Branković, Djordje (1645-1711)

Orfelin_-_portrait


 

Né dans une famille riche et de renom qui avait quitté l’Herzégovine pour s’établir dans le Banat et le Pomorišje, Djordje Branković a très vite occupé des positions politiques en vue après que presque tous ses frères eurent été emportés par une épidémie. Dans une famille où les hautes fonctions métropolitaines et militaires étaient héréditaires, Branković est rapidement entré dans la carrière diplomatique, aidé en cela par sa connaissance de plusieurs langues (latin, turc, allemand, grec, roumain, italien et hongrois). D’abord interprète de l’ambassadeur d’Erdelj (Transilvania ou Ardeal, en Roumanie) à Carigrad [Kostantiniyye, en turc ottoman] (1663), il se trouve avec son frère, le métropolite Sava II, en Russie en 1668, puis est ambassadeur d’Erdelj à Carigrad (1675-1677).

Pendant le siège de Vienne, la cour autrichienne lui confère le titre de baron, et en 1688 l’empereur lui donne audience au sujet de son plan qui vise à restaurer un État serbe sur le territoire sous domination turque, État dont il serait le souverain mais avec des devoirs de vassalité envers l’Autriche dans la mesure où cette dernière aurait aidé au soulèvement des Serbes contre les Turcs. Par l’oukase de Léopold 1er de 1688, Branković est élevé à la dignité de comte et lui est reconnu le statut d’héritier des despotes serbes dont, selon sa propre conviction et celle de ses collaborateurs, il tire son origine. En 1689 à Orșova, il lance aux Serbes et aux autres peuples sous le joug turc un appel à prendre les armes. Mais au beau milieu de l’insurrection le commandant autrichien le convoque à Kladovo puis, se conformant à des instructions secrètes émanant de la cour d’Autriche, le fait conduire sous bonne escorte à Vienne où il sera incarcéré. Quoique en prison, Branković est en 1691 choisi comme despote par l’assemblée des dignitaires serbes et, de sa cellule, installera des hauts officiers des unités serbes dans l’armée autrichienne tout en maintenant un contact permanent avec le patriarche Arsenije III Čarnojević. Malgré de vaines interventions de Pierre le Grand demandant la libération de Branković, ce dernier restera emprisonné puis, en 1703, transféré à Heb [Cheb, ville tchèque] où il mourra en 1711.

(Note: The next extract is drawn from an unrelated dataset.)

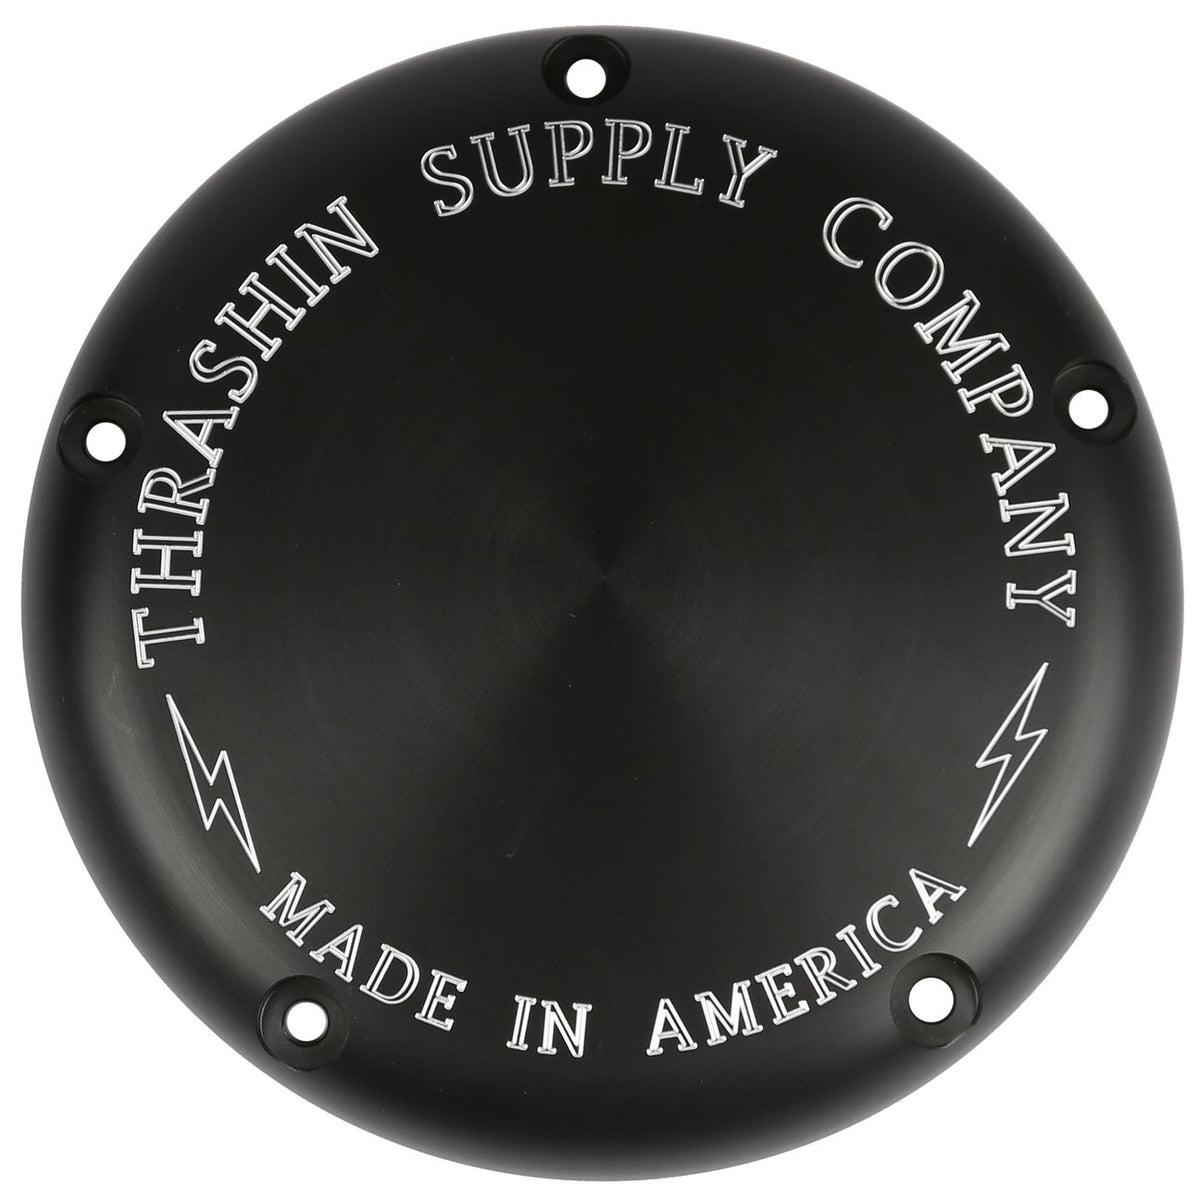 OG 5 Hole Derby Cover - M8 Softail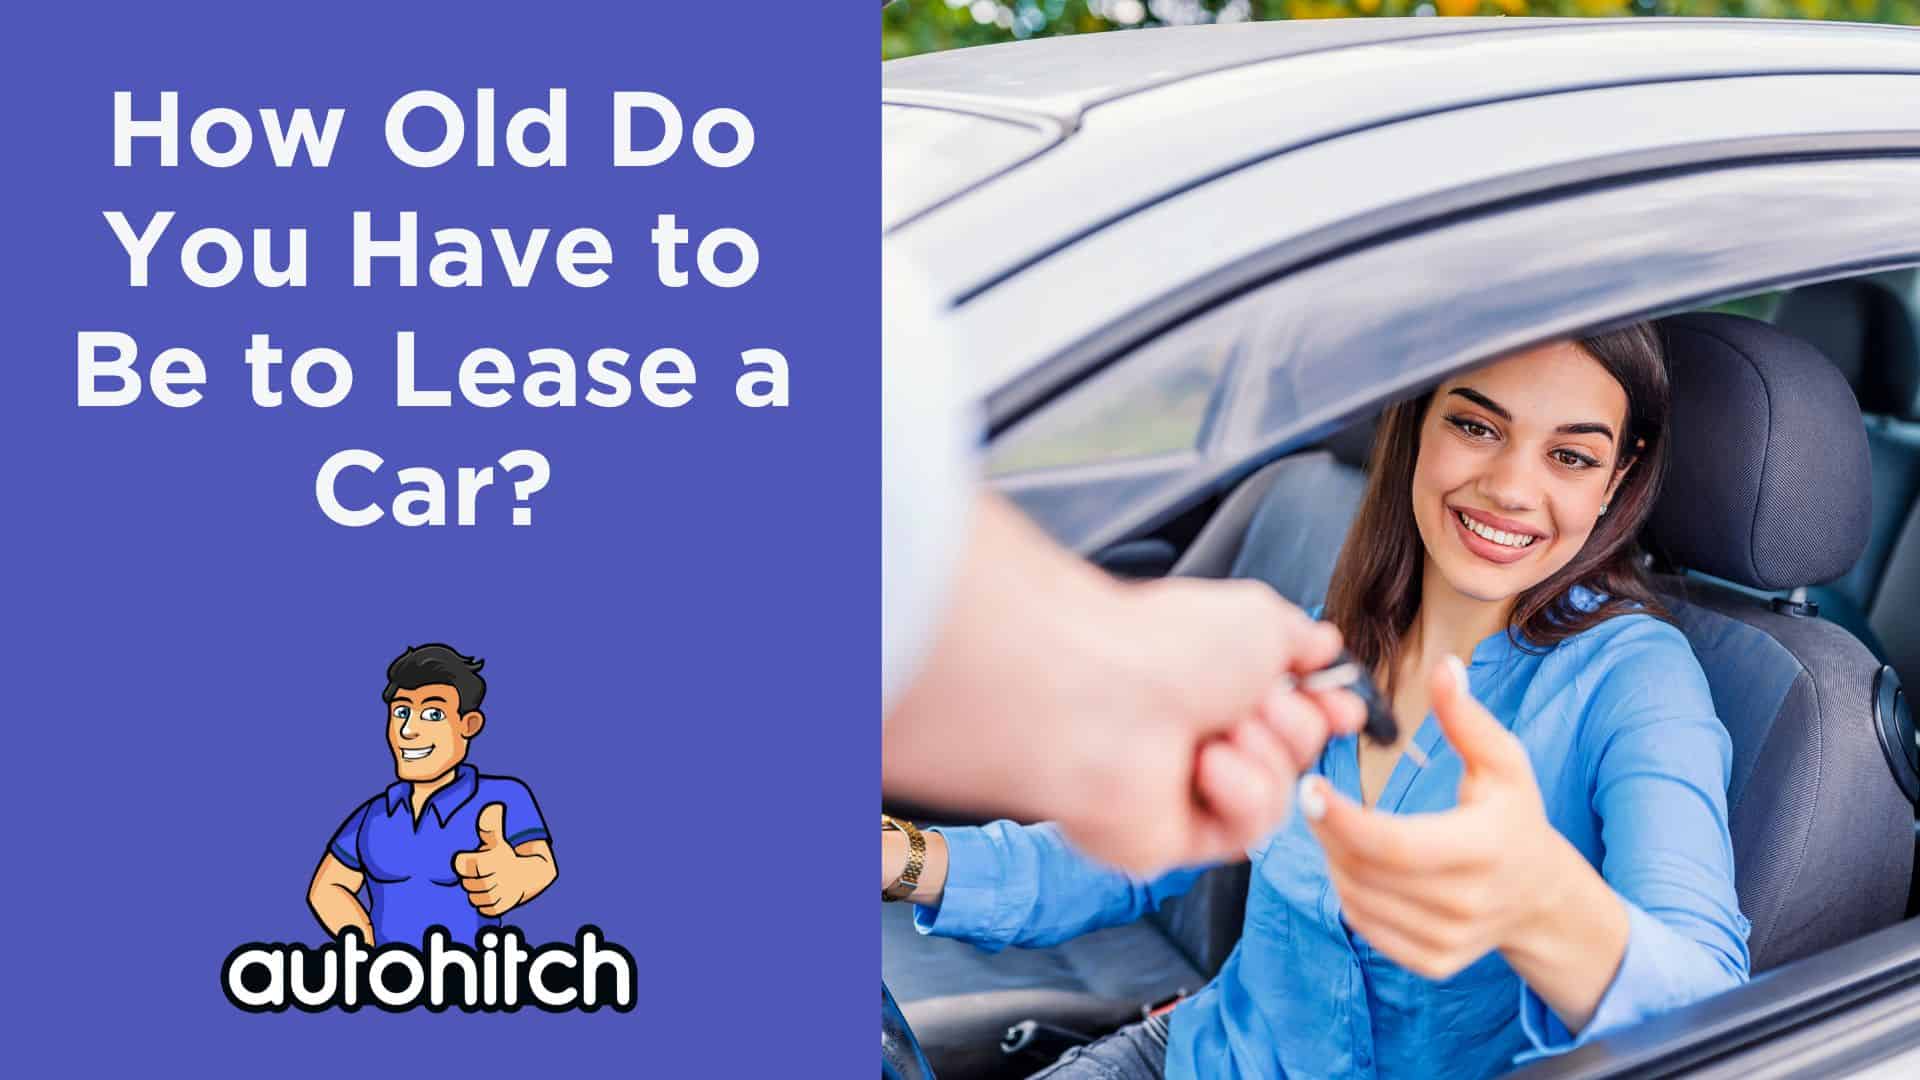 How Old Do You Have to Be to Lease a Car

Ses œuvres littéraires comportent ladite Vlaška hronika [La chronique valaque] écrite en roumain (1684-1688) mais que la science ne tient pas pour authentique, les volumineuses Slavenoserbske hronike [Les chroniques slavo-serbes] en 5 tomes (près de 2700 pages) en langue slavo-serbe, aujourd’hui encore inédites (mais conservées au Patriarcat serbe de Belgrade). Leurs nombreuses transcriptions, réalisées sous la surveillance rigoureuse de l’Église, font des écrits de Branković l’œuvre historique la plus influente de la littérature serbe baroque jusqu’à la parution de l’ouvrage de Jovan Rajić Histoire des différents peuples slaves... Elle est tenue, dans un sens très large, pour la première histoire moderne et laïque des Serbes donnée dans le cadre de celles de Byzance, des Roumains, Hongrois, Polonais et Turcs. Dans le tome V, le dernier des Chroniques, Branković informe sur son époque et, d’historien, se mue en chroniqueur des événements qu’il rapporte, en témoin vivement intéressé, et ses écrits en forme de mémoires faisant de lui une grande personnalité dont le destin est à ce point lié à l’histoire du peuple serbe que l’en séparer est impossible.

Le style des Chroniques a tout particulièrement attiré l’attention des spécialistes. Des parallèles furent établis avec le maniérisme du XVe siècle, mais sa phrase touffue, compliquée – qui regorge de participes synchronisés, chacun d’eux pouvant porter l’action de la phrase – peut pratiquement par elle-même refléter l’esprit baroque qui ressort des aspirations les plus profondes de l’écrivain. Les documents sur la naissance de la poésie épique populaire serbe, ses échos dans les Chroniques, l’assise polémique et diplomatique de cette œuvre destinée à la cour d’Autriche comme défense de la légitimité du comte et despote qui n’était pas destiné à le devenir, le renom dont jouissait Branković au sein de son peuple – tous ces éléments ont fait et font encore de cette œuvre un monument incontournable de la politique et de la littérature chez les Serbes.

Les unités serbes en guerre pour l’héritage autrichien sous le commandement du colonel Rašković en 1743 ont ramené les restes de Branković de Heb au monastère de Krušedol.